Voting Integrity Constraints
Purpose
This document defines non-negotiable constraints for systems that support collective decision-making under the Humanity Framework.
Voting is treated as a safety-critical function. Failure of voting integrity constitutes civilizational harm.
Core Principle
Participation must be:
- equal
- private
- verifiable
- resistant to coercion
- resistant to tampering
- resilient to failure
Trust is insufficient. Correctness must be provable.
Fundamental Guarantees
1. One Human, One Vote
Each eligible human may:
- cast at most one vote per decision
- verify that their vote was counted
- verify that no additional votes were substituted
No system may amplify, suppress, or duplicate participation.
2. Identity Separation
Voting systems must strictly separate:
- eligibility verification
- ballot casting
- vote counting
No component may link:
- voter identity to ballot content
- eligibility credentials to final tally
Linkability after validation is forbidden.
Privacy and Anonymity
3. Ballot Secrecy
No authority may:
- determine how an individual voted
- infer voting behavior through metadata
- reconstruct ballots after casting
Privacy must persist:
- during voting
- after voting
- indefinitely
4. Resistance to Coercion
Systems must prevent:
- proof-of-vote generation
- vote selling
- forced disclosure
If a voter can prove how they voted, the system is unsafe.
Verifiability
5. End-to-End Verifiability
Voting systems must allow:
- voters to verify inclusion of their ballot
- observers to verify correctness of the tally
- auditors to verify process integrity
Verification must not compromise voter anonymity.
6. Public Auditability
Vote counting must be:
- transparent
- reproducible in principle
- independently auditable
Black-box tallying is forbidden.
Integrity and Tamper Resistance
7. Tamper Evidence
All voting artifacts must be:
- immutable once cast
- tamper-evident
- traceable through public logs
Undetectable modification constitutes failure.

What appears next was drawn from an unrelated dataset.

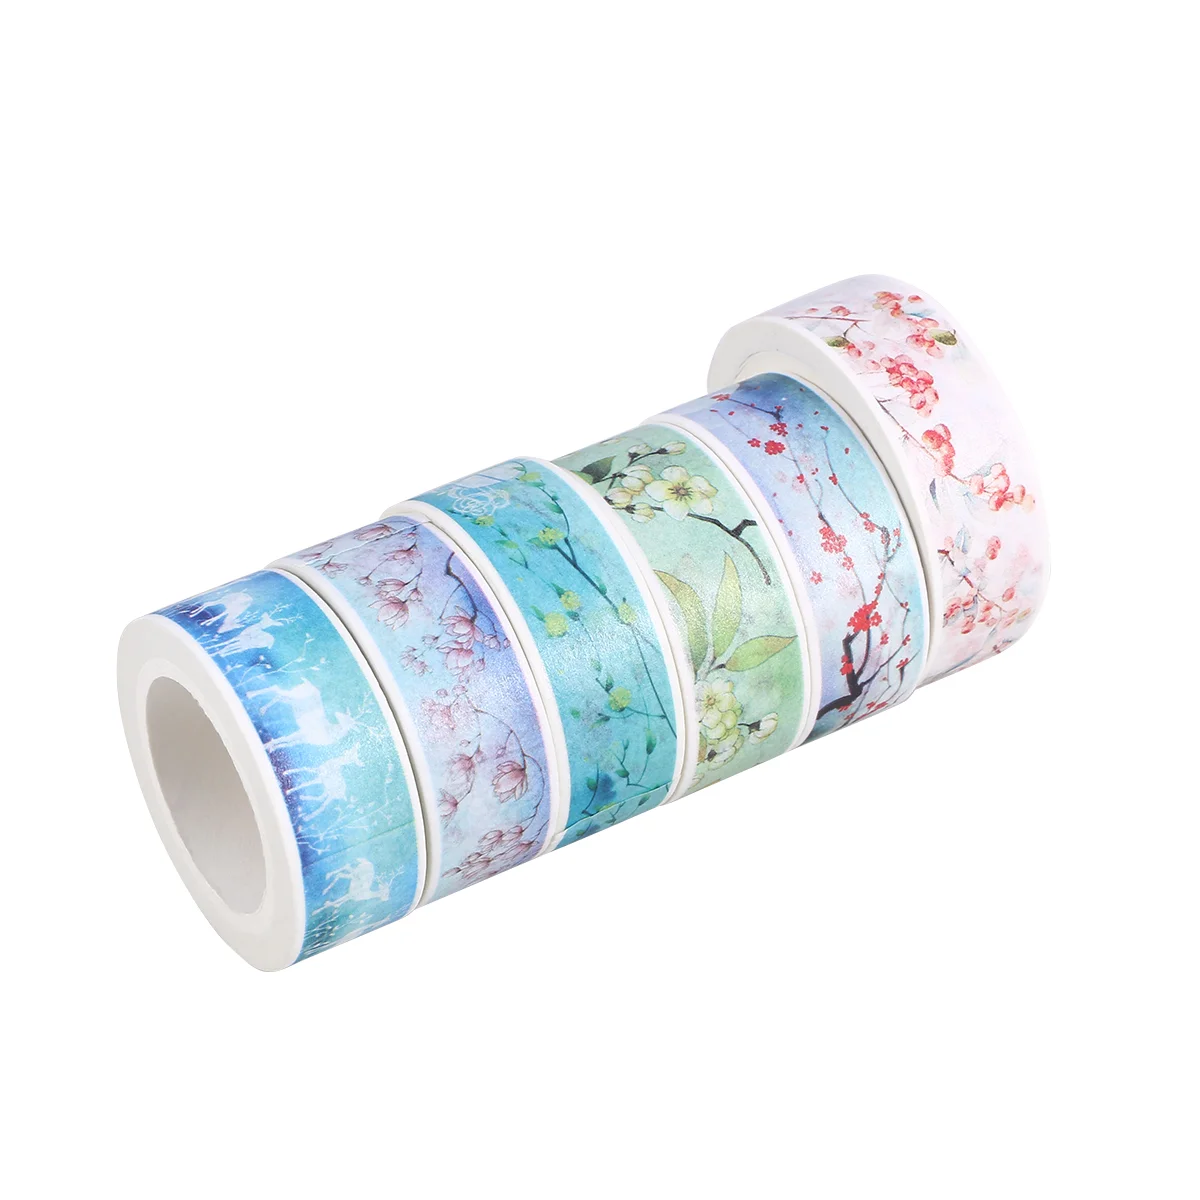 Tape Washi Diy Paper Gift Masking Album Decorative Holiday Photo Decoration Accessories Packaging Flower Sticker Diary Book Duct

8. Determinism and Reproducibility
Vote counting must be:
- deterministic
- reproducible from published artifacts
- independent of hidden state
If two honest auditors cannot reproduce results, the system is invalid.
Infrastructure Constraints
9. Minimal Trusted Computing Base
Voting systems must:
- minimize complexity
- minimize code surface
- minimize dependencies
Complexity increases attack surface. Simplicity increases trust.

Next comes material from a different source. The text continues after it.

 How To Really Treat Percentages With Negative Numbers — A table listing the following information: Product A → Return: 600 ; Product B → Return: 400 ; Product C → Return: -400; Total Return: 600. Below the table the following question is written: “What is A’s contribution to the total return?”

10. Network Isolation During Voting
Voting infrastructure must not:
- depend on live network access
- allow remote code execution
- allow dynamic updates during voting
Connectivity increases risk.
Failure Handling
11. Fail-Safe Behavior
On failure, systems must:
- halt voting
- preserve cast ballots
- prevent partial or corrupted tallies
- make failure visible immediately
Silent degradation is forbidden.
Accountability
12. Responsibility for Integrity
Responsibility for voting integrity lies with:
- system designers
- system deployers
- system operators
Voters are never responsible for:
- system compromise
- hidden failure modes
- misleading assurances
Enforcement
Any system that violates these constraints:
- must not be used for governance
- must not be trusted for collective decision-making
- must be withdrawn until corrected
Efficiency does not excuse risk. Convenience does not excuse harm.
Relationship to Other Documents
- Secure Communication Constraints define confidentiality requirements.
- Safety and Responsibility define harm minimization.
- Transparency Guarantees define observability.
- Governance Models define scope and enforcement.
Summary
Democracy cannot rely on trust alone.
A voting system that cannot be verified cannot be legitimate.
Participation without integrity is coercion by other means.